Another Whiney Blog

This blog isn't going to be interesting or informative, it's just me talking about how I feel because I just need to talk.

Well today I went back to school, it was my first day back since the half term break. I was meant to go back to school yesterday like every body else but I didn't for reasons I don't feel like explaining. So anyway, here's the bitchy part, I got to school at usual time and went to meet my two "friends" Lizzy and Sarah* , in the usual place. I wasn't early but for some reason neither of them were there. They didn't turn up at all and eventually the bell rang an I went to registration thinking how weird it was that they might both be ill on the same day.
At first lesson, P.E which we are all in the same group for, I found Lizzy waiting outside the changing rooms for them to be opened as usual. I said hi and asked if Sarah was here today. She said yes so I told her I'd been looking for them that morning and couldn't find them. She just looked at the ground guiltily and didn't answer. Then Sarah turned up and I actually saw her face drop when she saw me. I couldn't understand why though so I just left it. The rest of they day went ok but I couldn't help noticing that they didn't seem to talk to me much and there was the odd snide remark thrown at me. I ignored them. Later, after school we were walking back to where Sarah is normally picked up from and the way Lizzy walks home. I'm picked up in the next road up 'cos it's easier for my mom. If we are early and Sarah's mom isn't there then we wait for a bit and talk till she arrives and then Lizzy walks on home and I go in the opposite direction to where my mom collects me. We were early so as usual I stood waiting with them but this time they just didn't want to. Sarah grabbed Lizzy's arm and said to me "Well, good-bye then" and started walking off up the road. I know she had no where to go 'cos her mom wasnt there yet, it was just her way off saying "Go away". Like an idiot I did what she wanted, I didn't confront her or ask her what was wrong, I just said bye and walked away not understanding what I'd done wrong. I know that this morning they met up with out me in a secret place. I'm so confused.

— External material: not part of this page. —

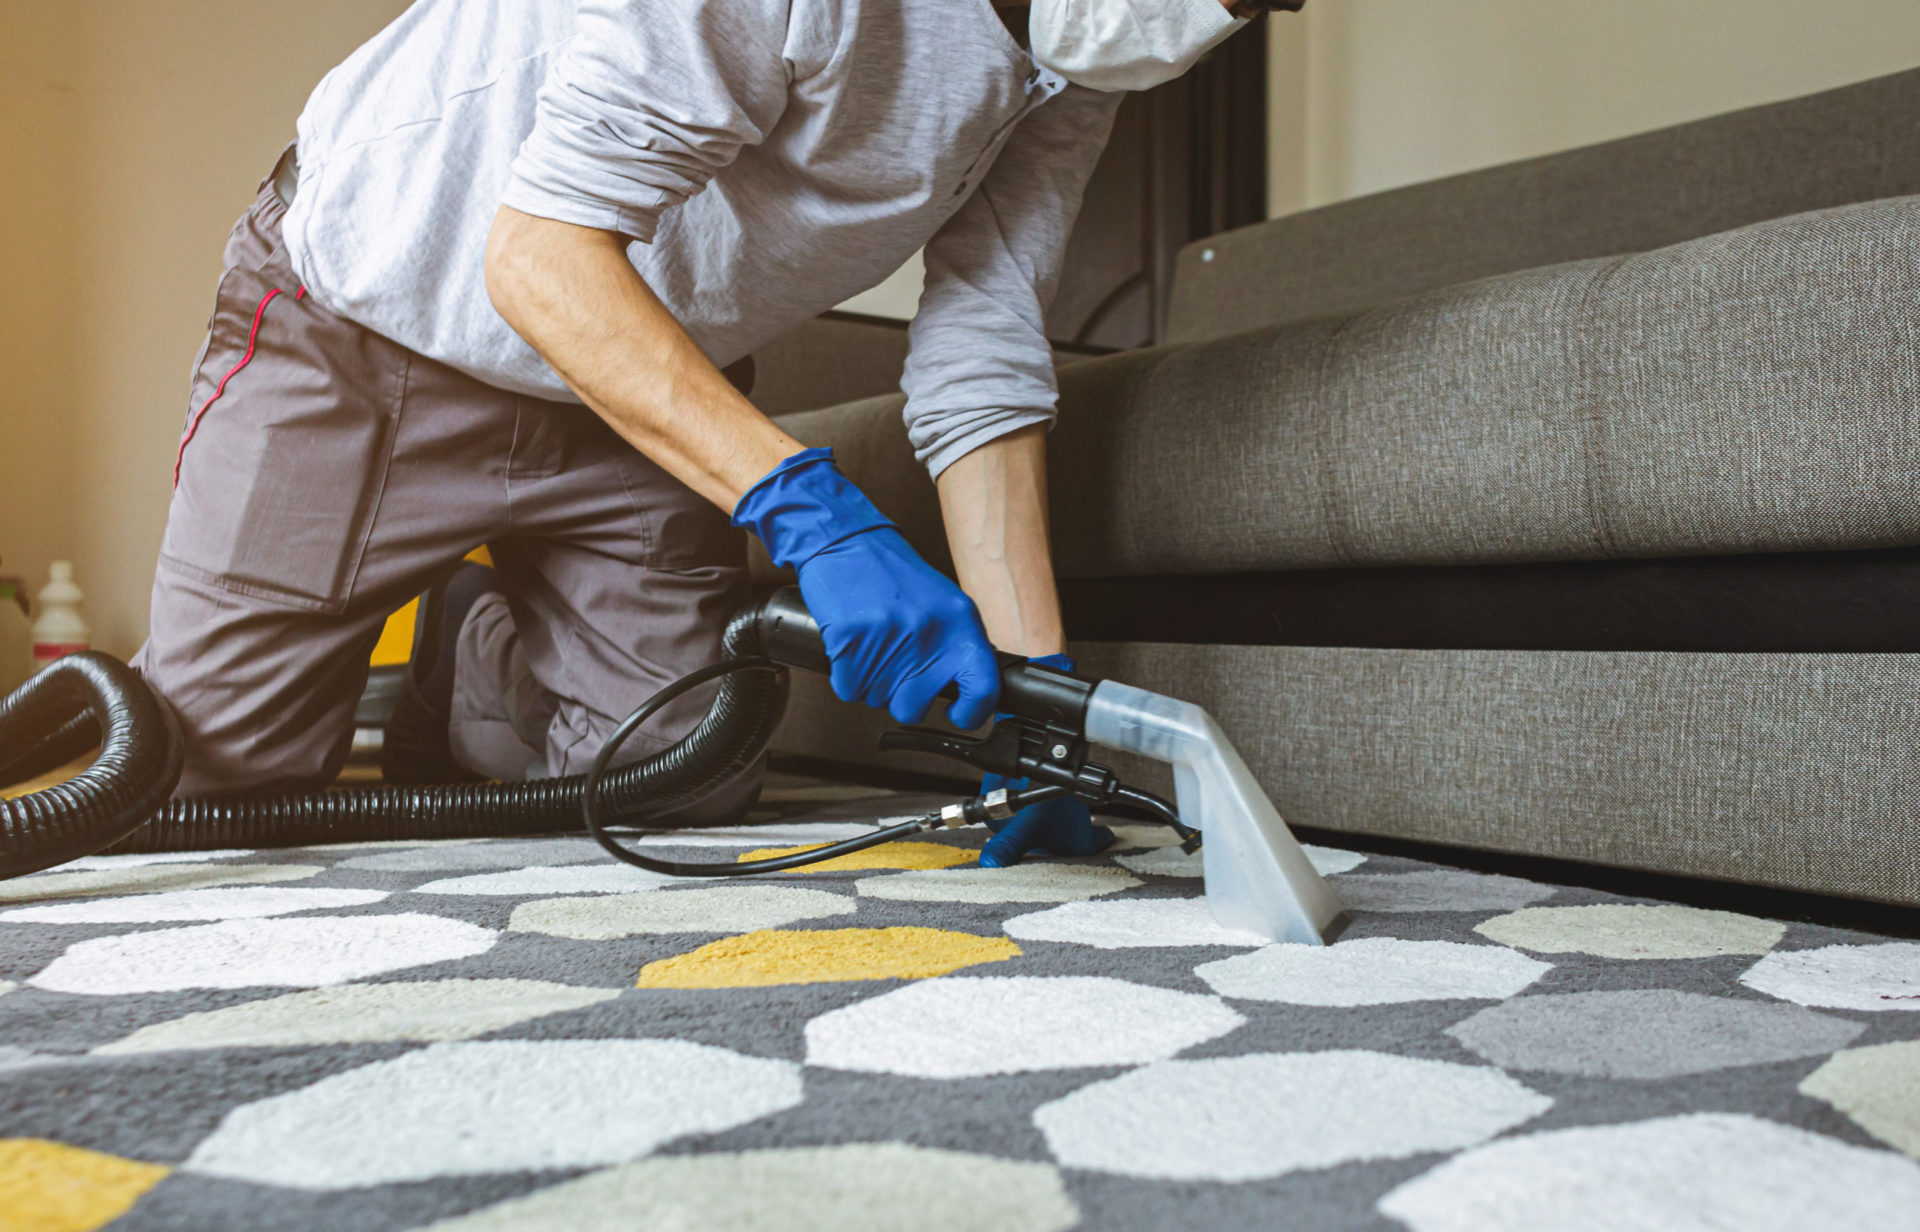 How to Disinfect a Carpet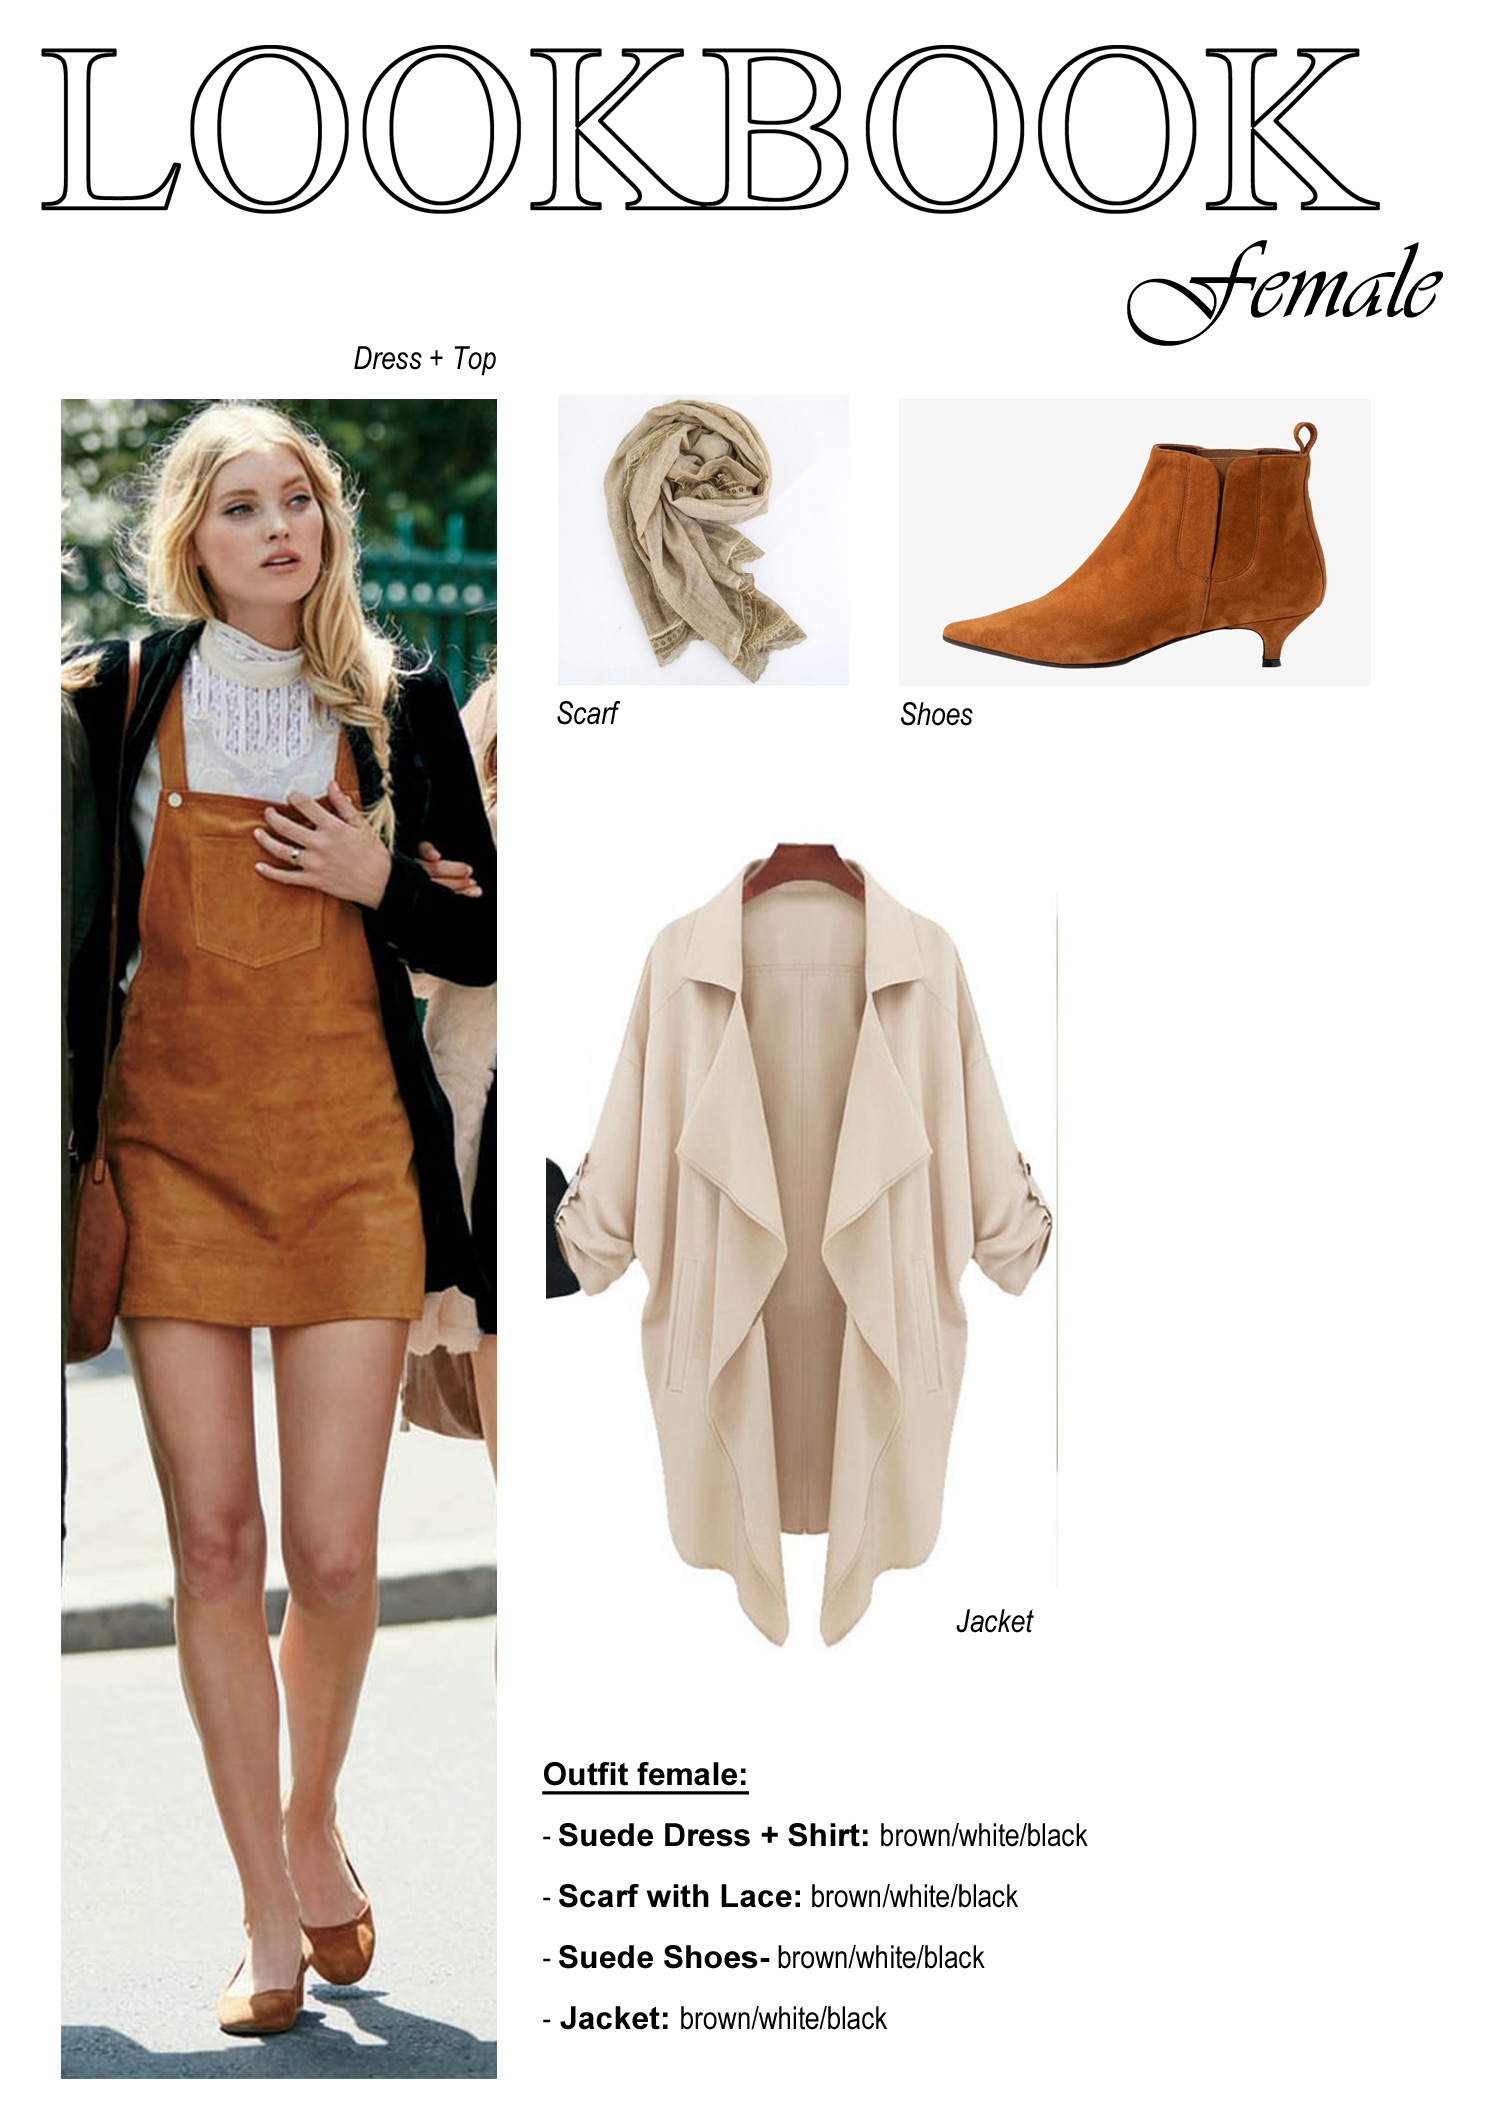 Female Outfit Look Book Example

Right now I'm not having much fun at home, my mom's pregnant, (heavily, she's due next Monday) and she's fighting all the time with her boy friend who lives with us and is refusing to leave. I'm not coping well and it seems that in my life it's just one thing after another going wrong and it never seems to get better. At times like these we turn to our friends for support. They are the closest things I have to friends and they're constantly treating me like this. I have no one else to turn to. There are lots of other things that are going wrong but I'd be here forever writing them out.

I just wish I had some real friends, is it really too much to ask for?




*names have been changed because I'm paranoid and think they might discover this and read it somehow.